En reprenant sans ellipse là où s'était arrêté le film précédent, Rian Johnson annonce la couleur: d'une part, il nous plonge dans l'urgence, un sentiment qui ne nous quitte plus durant tout le film tant il déploie ses qualités de film d'aventures, bourré de suspens et de péripéties. Et j'avoue avoir été séduit par cette intensité, cette expérience augmentée de l'univers Star Wars, baladé entre les combats de la Résistance et les face à face des Jedi avec leurs ennemis, faisant côtoyer avec virtuosité le spectaculaire et l'intériorité.
D'autre part il bouscule nos attentes, car il n'exploite pas certaines pistes que l'on espérait voir développées. Des questions laissées en suspens dans l'épisode 7 qui ont été, sans doute comme aucun autre épisode auparavant, à l'origine de fantasmes et de théories innombrables développées notamment par des fans Youtubeurs. De fait, l'histoire semblait presque déjà écrite, aurait pu-t-on penser, puisque il suffisait d'appliquer un schéma narratif, quelques connaissances sur l'univers étendu et l'on avait là des pistes crédibles, à même de satisfaire les fans. Presque un dû, au vu des mystères exposés précédemment.
Or, tout comme le Réveil de la Force (qui avait fait de Han Solo un contrebandier et non un héros de la Rébellion et de Luke une légende presque oubliée plutôt que le nouveau chef de file d'un ordre Jedi en pleine renaissance, suite logique du Retour du Jedi), Les Derniers Jedi surprend en balayant d'un revers de la main les attentes provoquées (les origines de Rey et Snoke notamment) et fait table rase du passé en faisant disparaître les personnages liés aux événements antérieurs (Luke et Snoke), comme pour se décharger enfin du poids d'un héritage, d'un mythe devenu un fardeau, celui de la trilogie originelle, pour permettre à la nouvelle génération d'exister. A titre d'exemple, Snoke demeure un mystère (Palpatine ne demeurait pas moins une énigme dans le Retour du Jedi, ce qui ne choque personne aujourd'hui), mais sa mort laisse Kylo Ren devant ses propres choix et responsabilités, et n'est donc plus le jouet d'un dilemme qui aurait alors semblé trop similaire aux films d'origine.
Je comprend la déception des fans, mais n'aurait-on pas reproché alors à Disney de rien faire de nouveau et de vouloir contenter les puristes? A la place des auteurs, n'aurions-nous pas eu envie de prendre à contre-pied toutes ces théories, et de s'approprier le matériau? Il est vrai qu'en terme de Set up / Pay off, le film semble ne pas emboîter immédiatement le pas au film d'Abrams, d'où ce sentiment de frustration, voire de trahison, mais ils ont simplement fait des choix qui se concentrent sur les personnages, d'avantage que sur le contexte ou l'extension de cet univers.

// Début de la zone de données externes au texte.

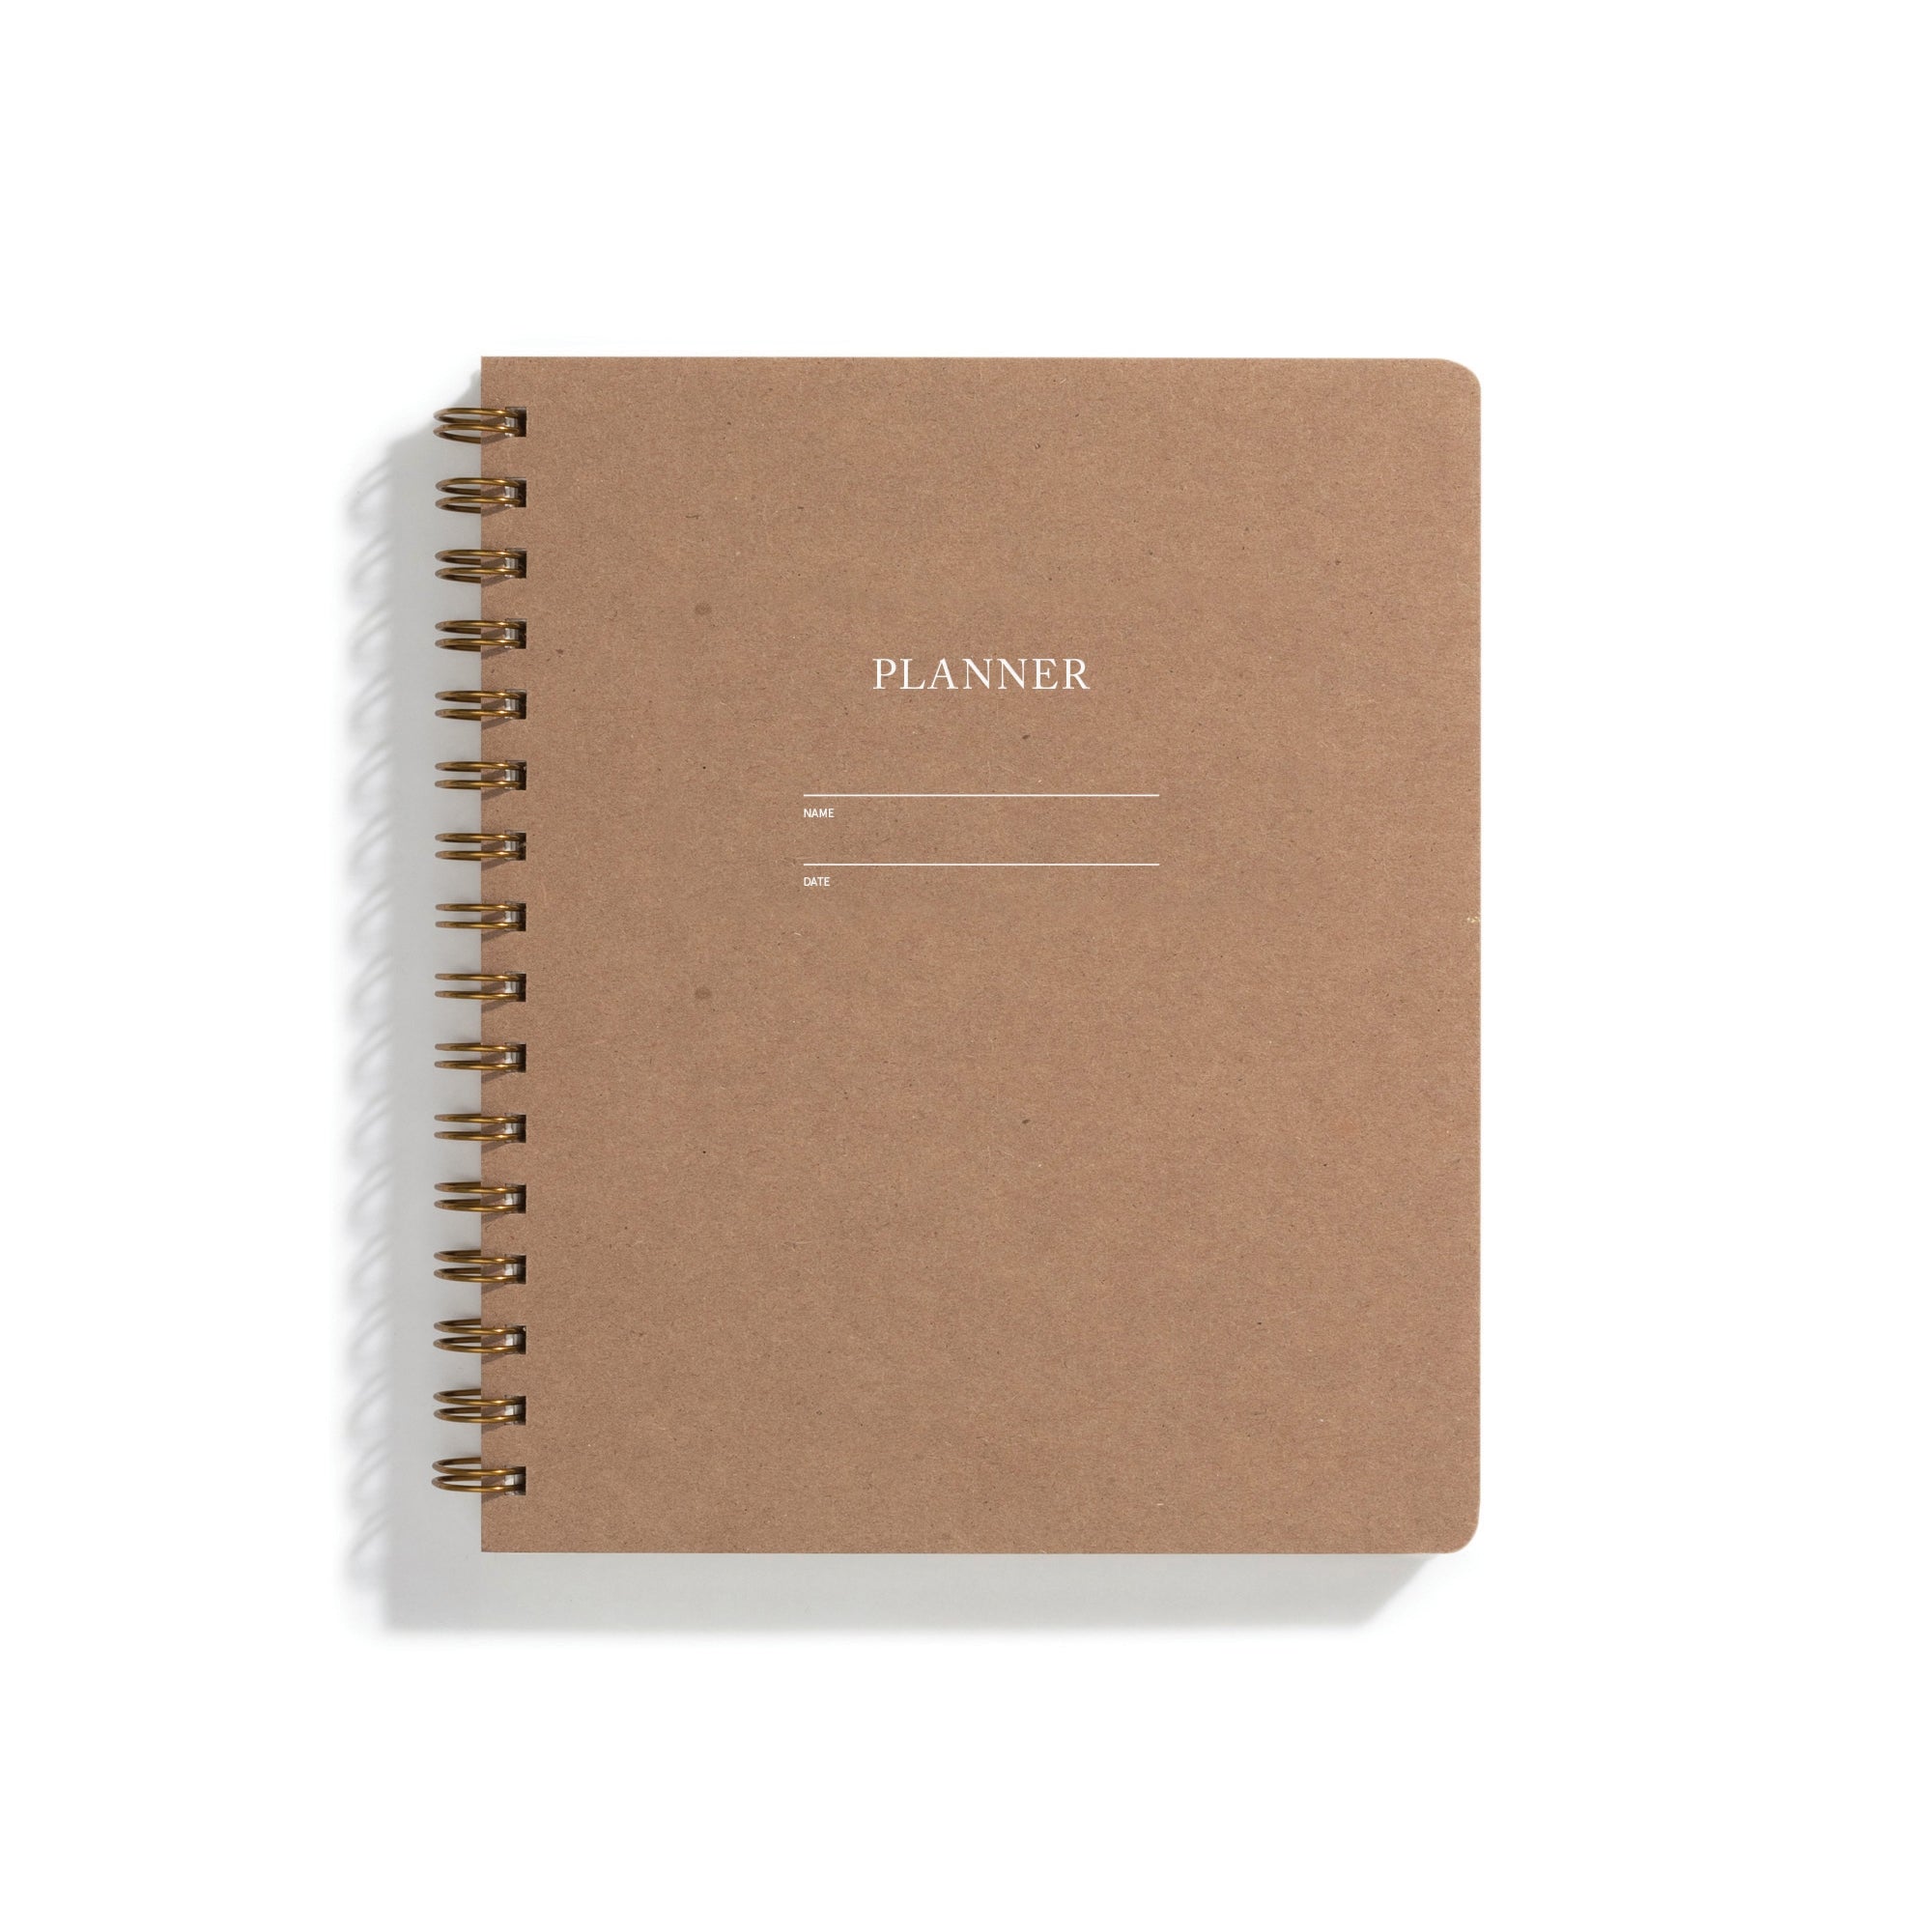 Image of brown cover with letter pressed text says, “Planner”. “Name” and “Date” with lines for writing. Coiled binding on left side.

J'ai le sentiment qu'aucune solution n'aurait satisfait la majorité du public et des fans, et il est bien possible que, selon l'orientation de l'épisode 9 (à savoir revenir ou pas sur les mystères énoncés, sorte de désaveu de l'épisode 8), Les Derniers Jedi devienne la clé de voûte de cette trilogie ou bien le vilain petit canard de la saga, ce qui selon moi serait très dommage.
Personnellement j'ai trouvé qu'il ne donnait pas exactement ce à quoi je m'attendais, mais ce que je désirais malgré tout, à savoir une tonne de moments ébouriffants et d'éléments purement jouissifs, comme les scènes de combats spatiaux qui font vraiment ressentir l'adrénaline de cette tête brûlée de Poe Dameron; l'esprit en ruines de Luke, ce maître inachevé, qui ne peut plus supporter le poids du rôle de sauveur et l'échec dans la formation de Ben Solo, le conduisant au bord d'un acte innommable; la lueur d'espoir que représente Rey, devant la noirceur de Kylo Ren et l'abandon - momentané - de Luke à la cause des rebelles; ce très beau moment où Leïa échappe à la mort, redonnant cet aspect magique et incroyable à la Force; les retrouvailles émouvantes de Luke avec R2 puis sa soeur; et bien d'autres scènes encore.
Ce que je retiens donc ce ne sont pas les origines de tel ou tel personnage, ou la situation géopolitique de la Résistance et du Premier Ordre, mais l'intensité de ces instants vécus par et avec ces personnages, brillamment incarnés par un casting sans fausse note, dans une aventure épique, héroïque et touchante. Un film dont je pardonne les choix scénaristiques parfois inconséquents narrativement, mais qui a le mérite, plus encore qu'avec Le Réveil de la Force, de m'avoir entraîné dans cette très lointaine galaxie avec exaltation et fascination.